Кого же слушать мне? И вот Гомер молчит,
И море черное, витийствуя, шумит
И с тяжким грохотом подходит к изголовью.

* Эллада — древнее название Греции.

** Ахейское княжество, или Княжество Морея — государство крестоносцев, возникшее через год после окончания Четвёртого крестового похода 1202—1204 годов на территории современной Греции.

Возможно, вкус к поэзии должен развиваться. В поэме выше есть что-то завораживающее. В былые времена поэтические произведения исполнялись на котурнах (котурны — древняя обувь на высокой подошве, — использовалась актёрами при исполнении трагических ролей — они увеличивали рост актёра, придавали величественность его фигуре).

Поэзия дарует что-то особое прекрасное из области языка.

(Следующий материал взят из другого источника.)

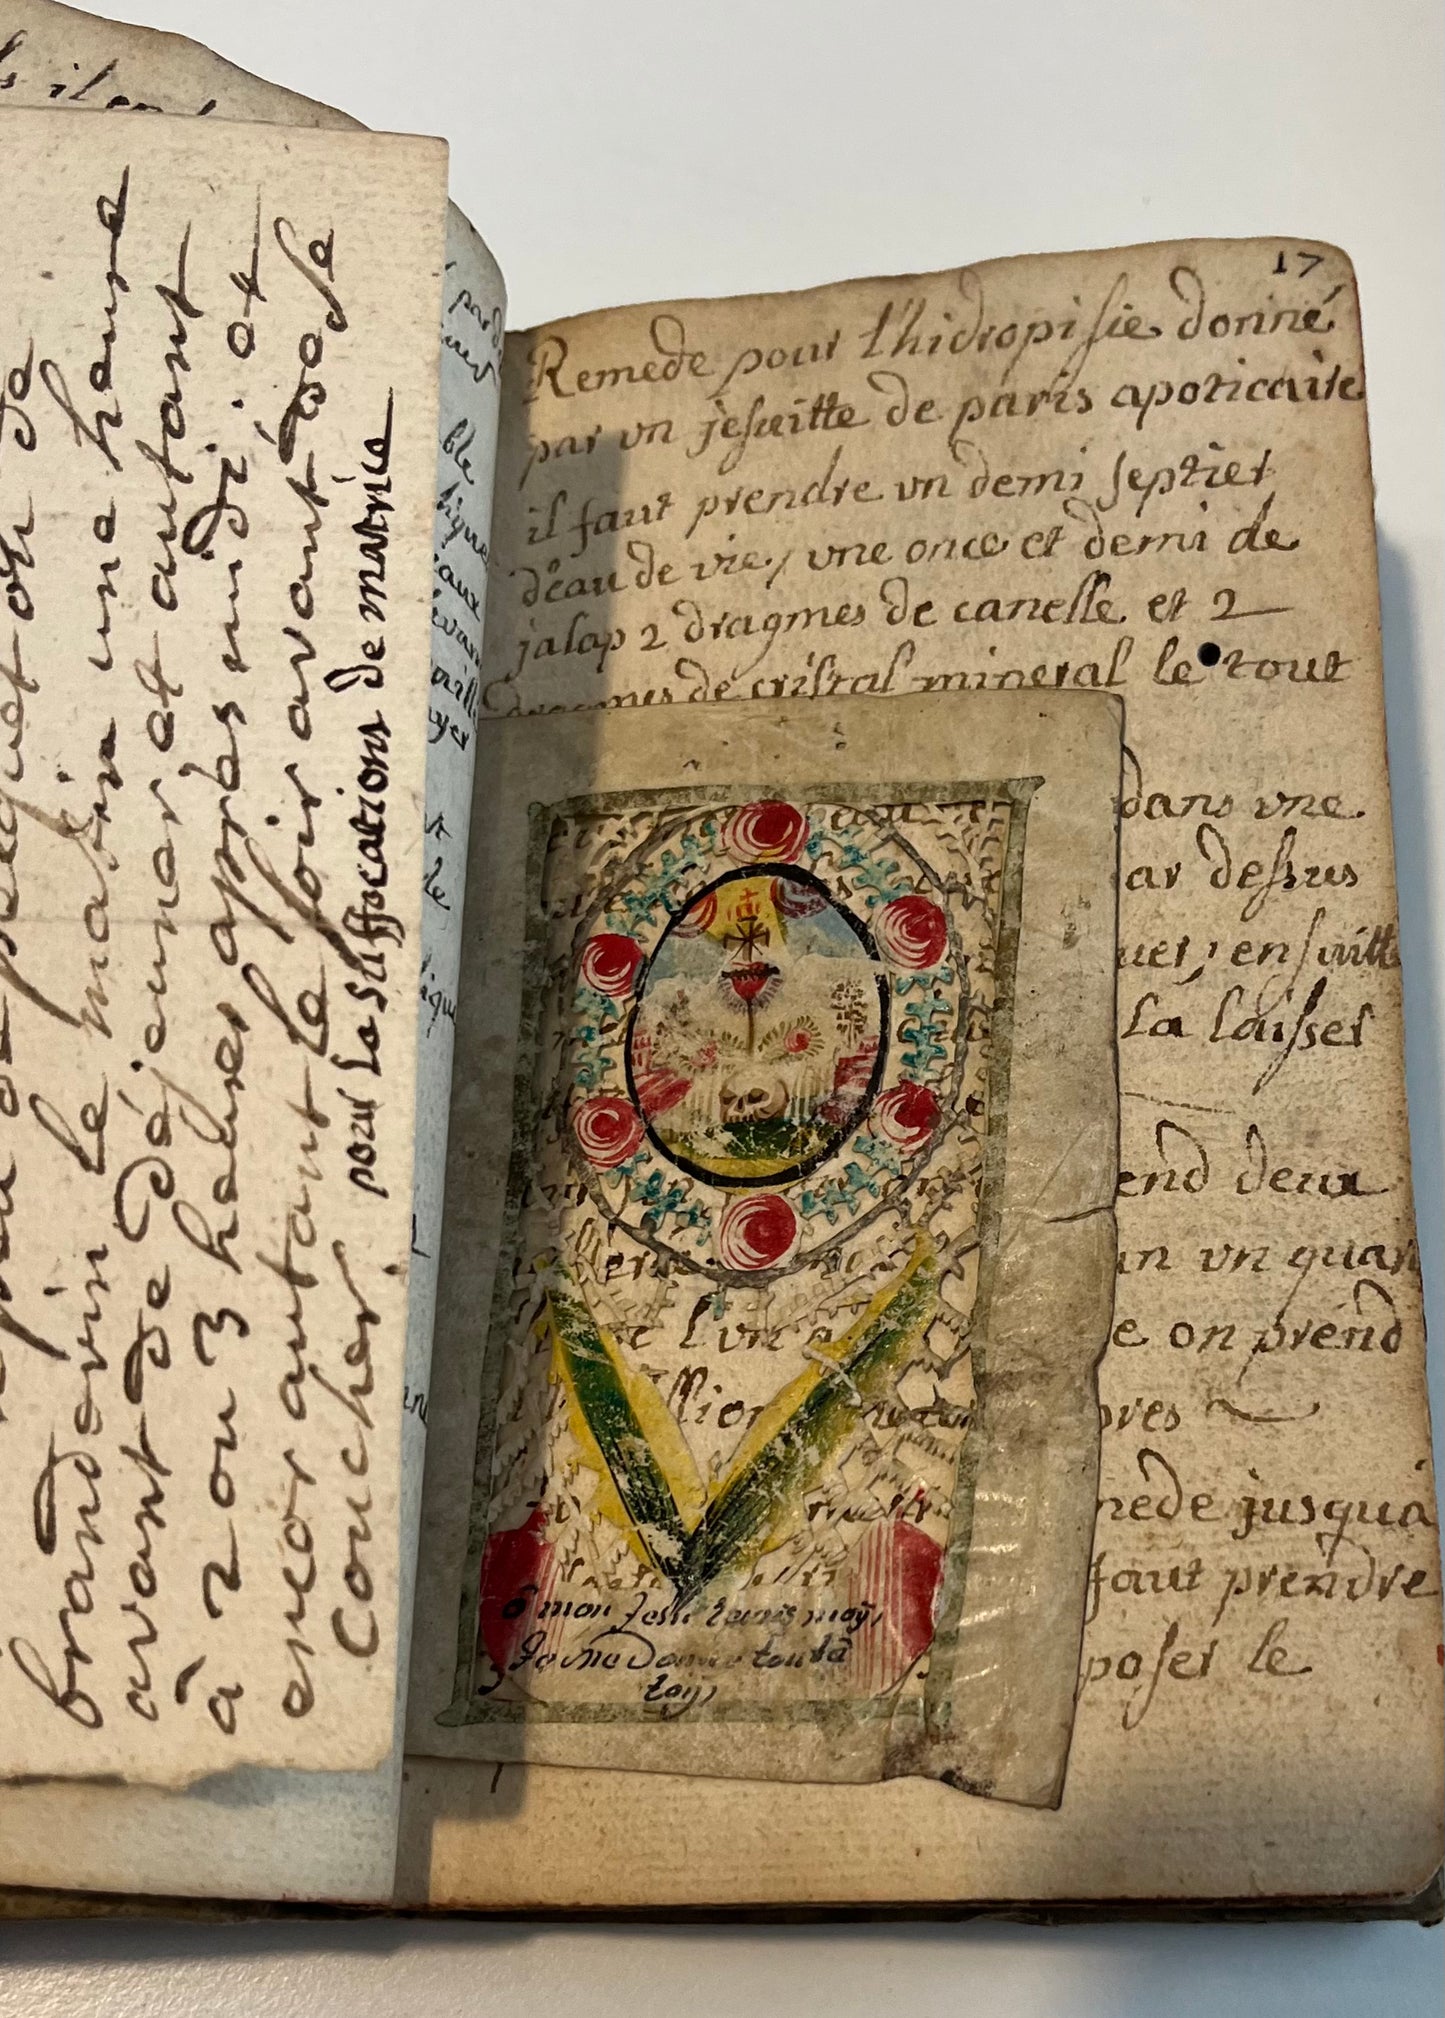 Early 18th Century Manuscript Medical book - Dragons blood and powdered Mummy -  15th Century Antiphonal leaf binding - 18th Century Prayers inserted

Осип Мандельштам о своих стихах говорил, вероятно, о своих стихах:

Я так и знал, кто здесь присутствовал незримо:
Кошмарный человек читает «Улялюм».
Значенье — суета, и слово только шум,
Когда фонетика — служанка серафима.

Слово может звучать подобно музыке, если исходит от вдохновения, когда слог торжествует. Такой слог, говорит Лука, имеет силу утешать душу.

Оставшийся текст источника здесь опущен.